**Problem:** Print, exactly and with no pictures, the line containing "Bust: 34 / W" and each line after it to the end of the entries below.

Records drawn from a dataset
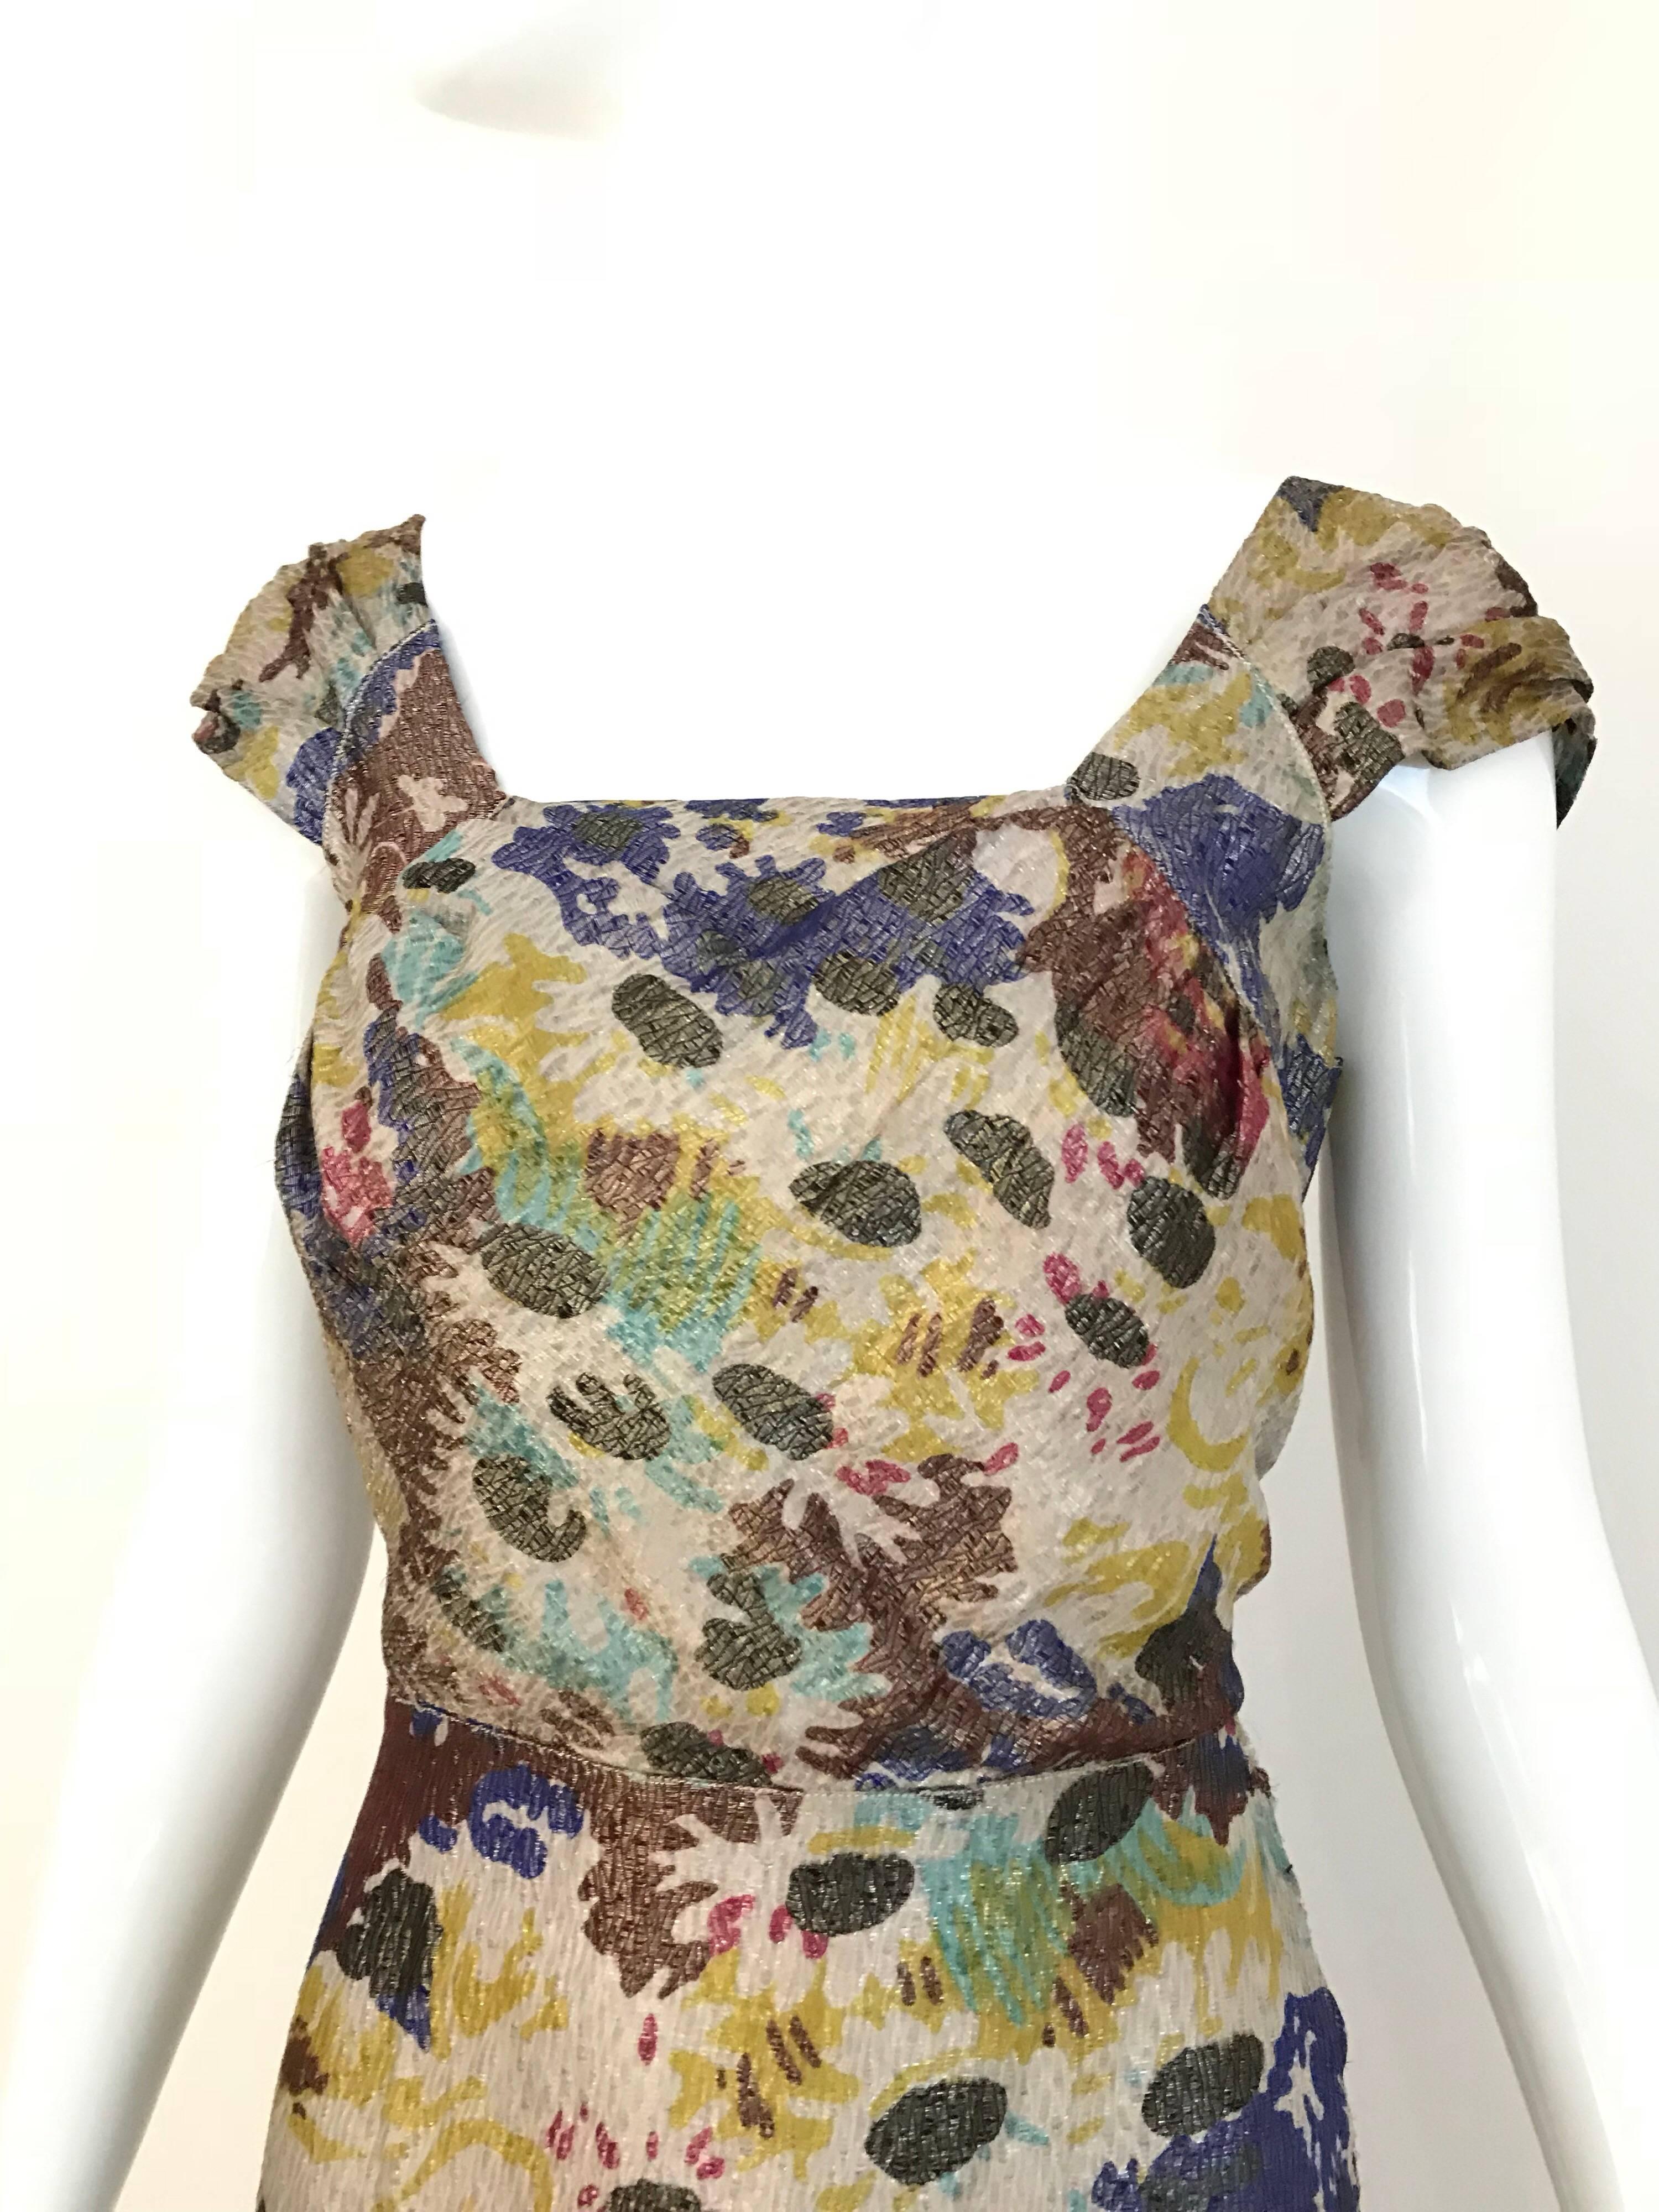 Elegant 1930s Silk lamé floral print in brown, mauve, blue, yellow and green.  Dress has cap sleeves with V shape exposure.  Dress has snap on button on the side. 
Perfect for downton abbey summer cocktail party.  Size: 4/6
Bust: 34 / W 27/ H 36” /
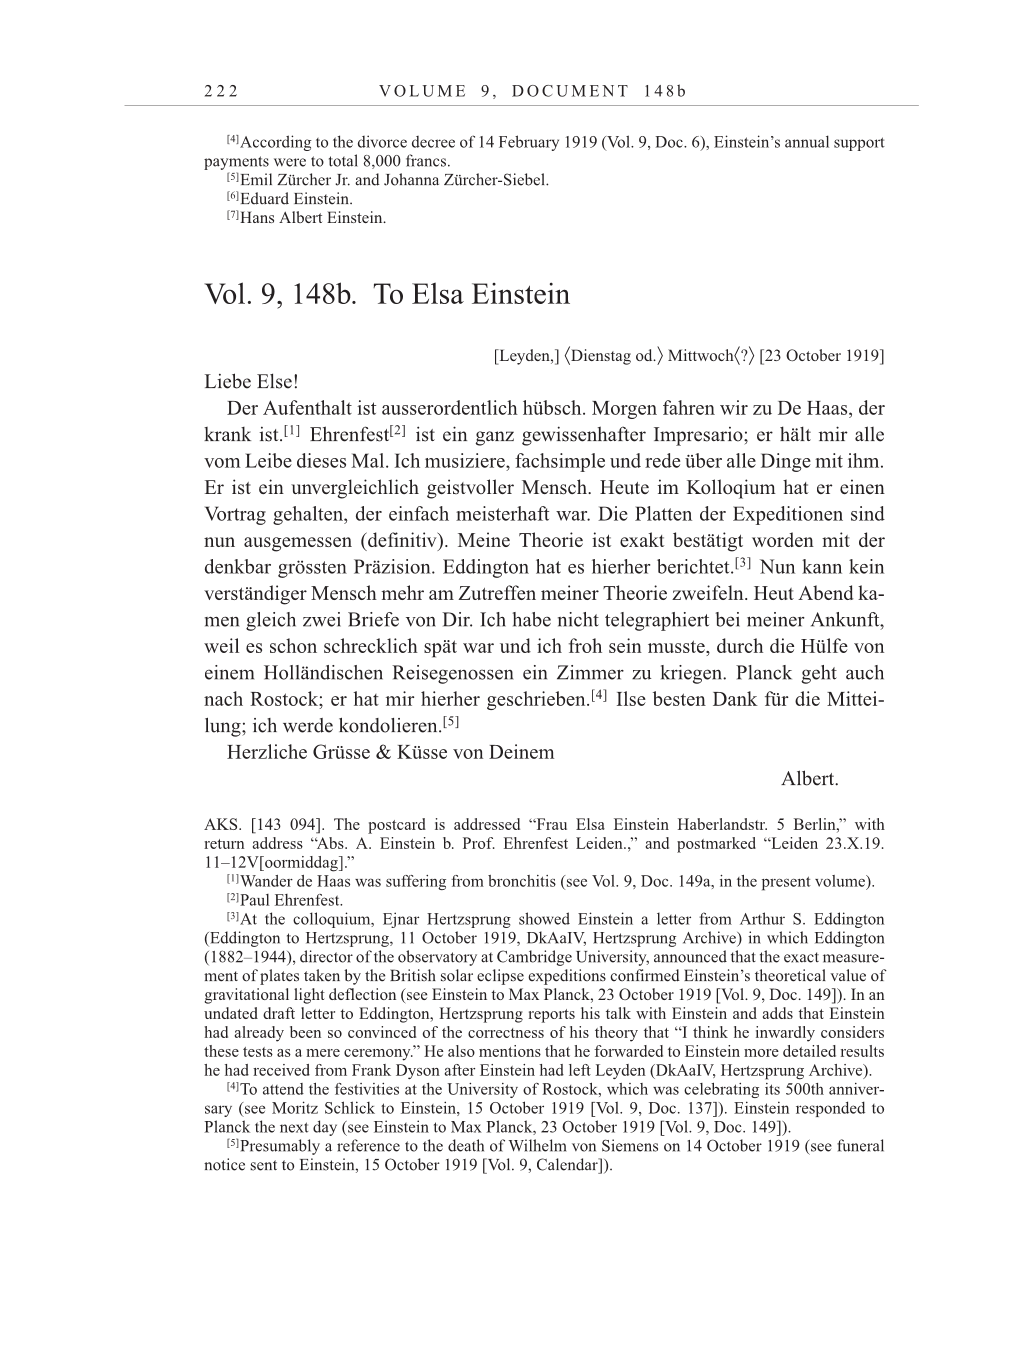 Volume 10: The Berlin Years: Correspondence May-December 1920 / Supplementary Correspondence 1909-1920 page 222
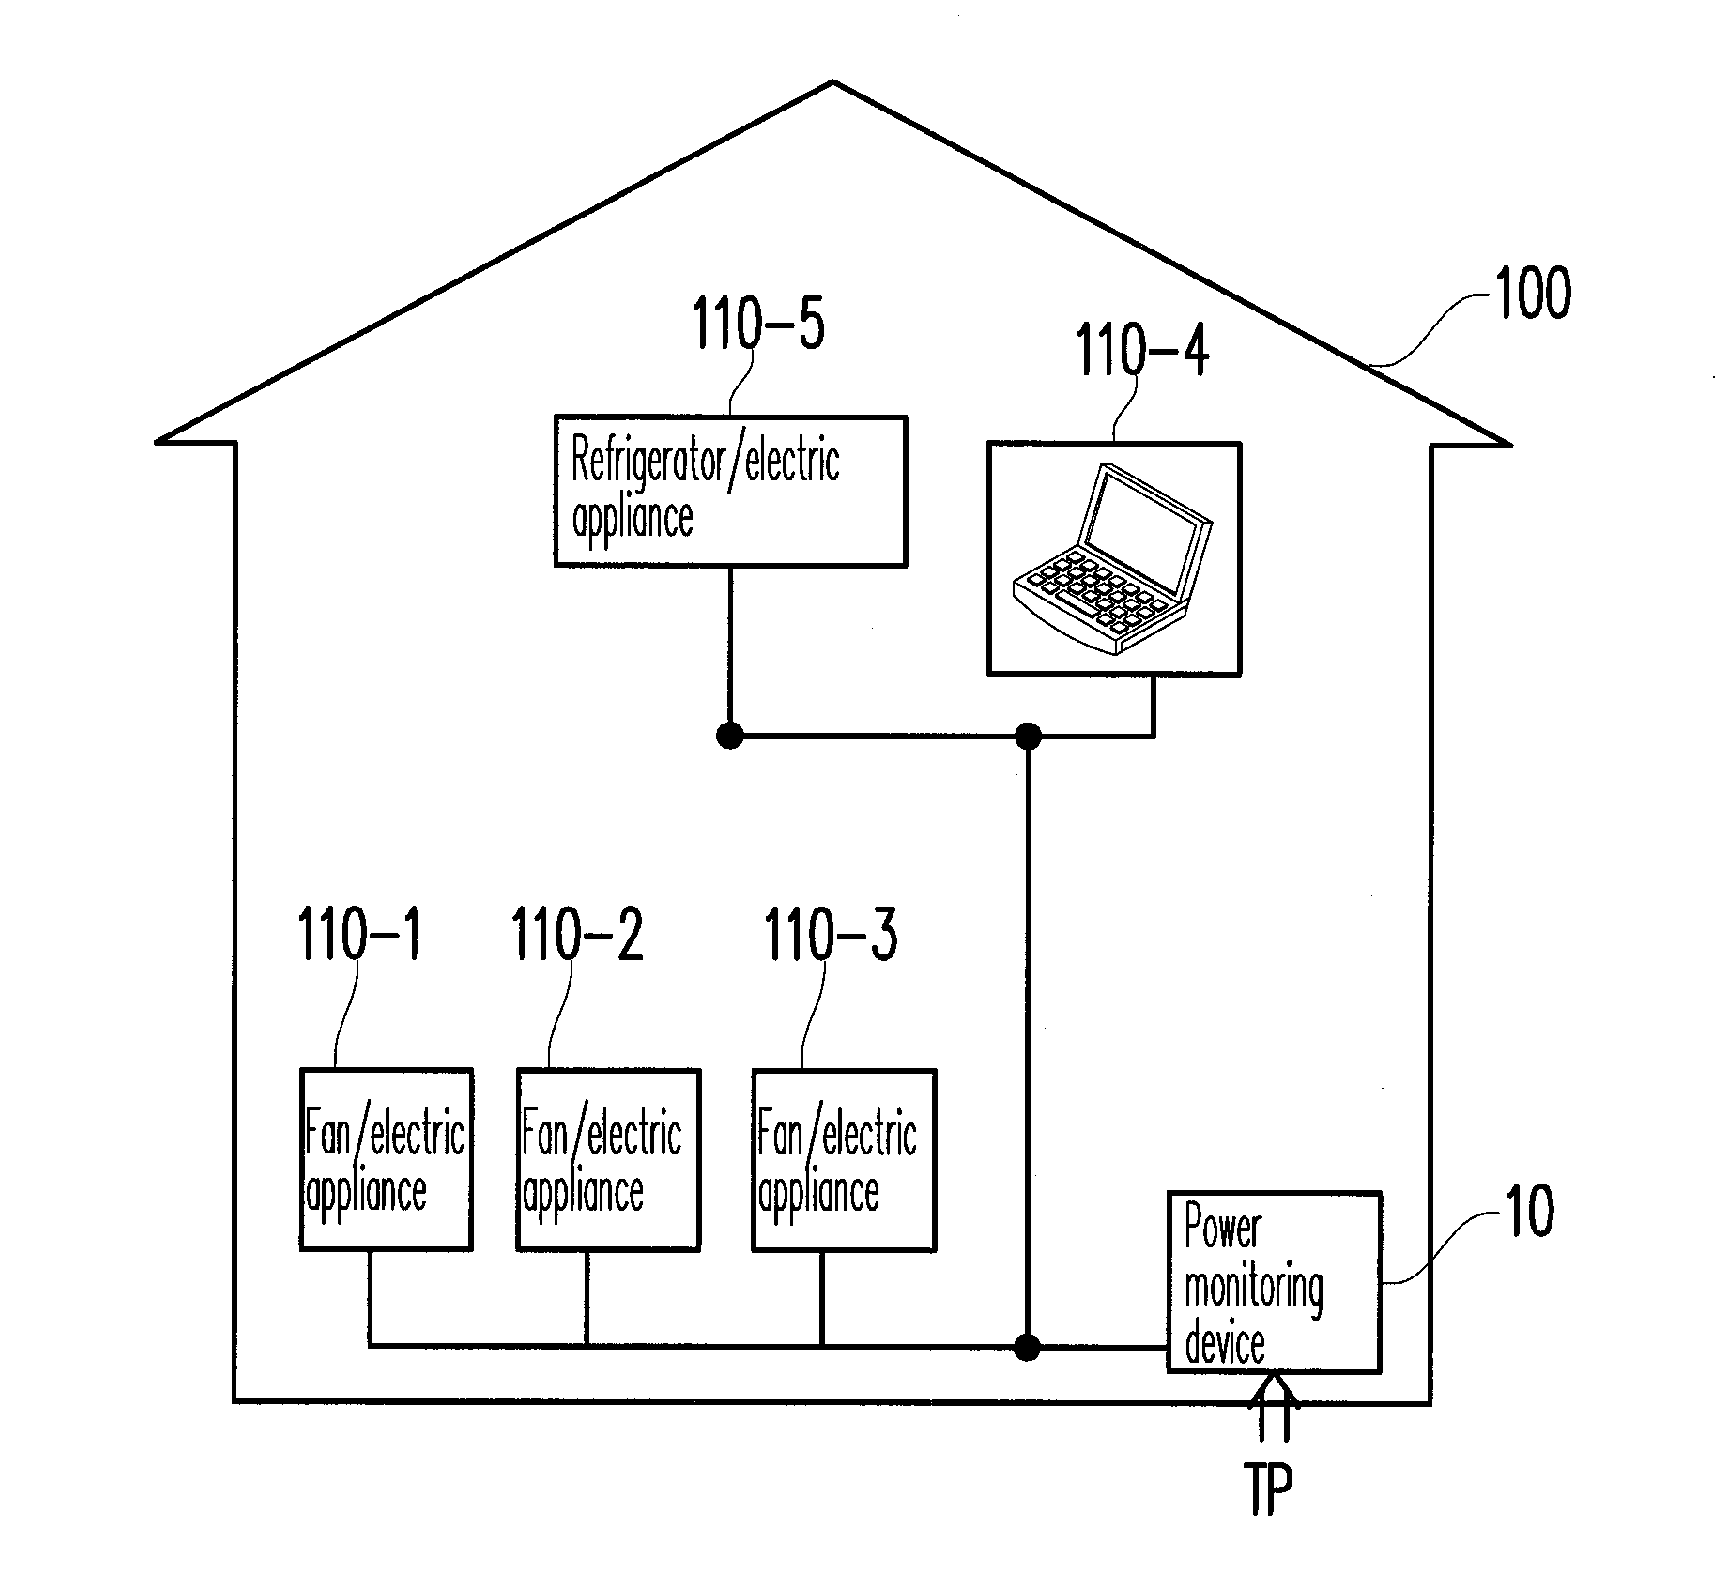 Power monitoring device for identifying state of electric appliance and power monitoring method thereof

**Result:**
Bust: 34 / W 27/ H 36” /
 Volume 10: The Berlin Years: Correspondence May-December 1920 / Supplementary Correspondence 1909-1920 page 222
 Power monitoring device for identifying state of electric appliance and power monitoring method thereof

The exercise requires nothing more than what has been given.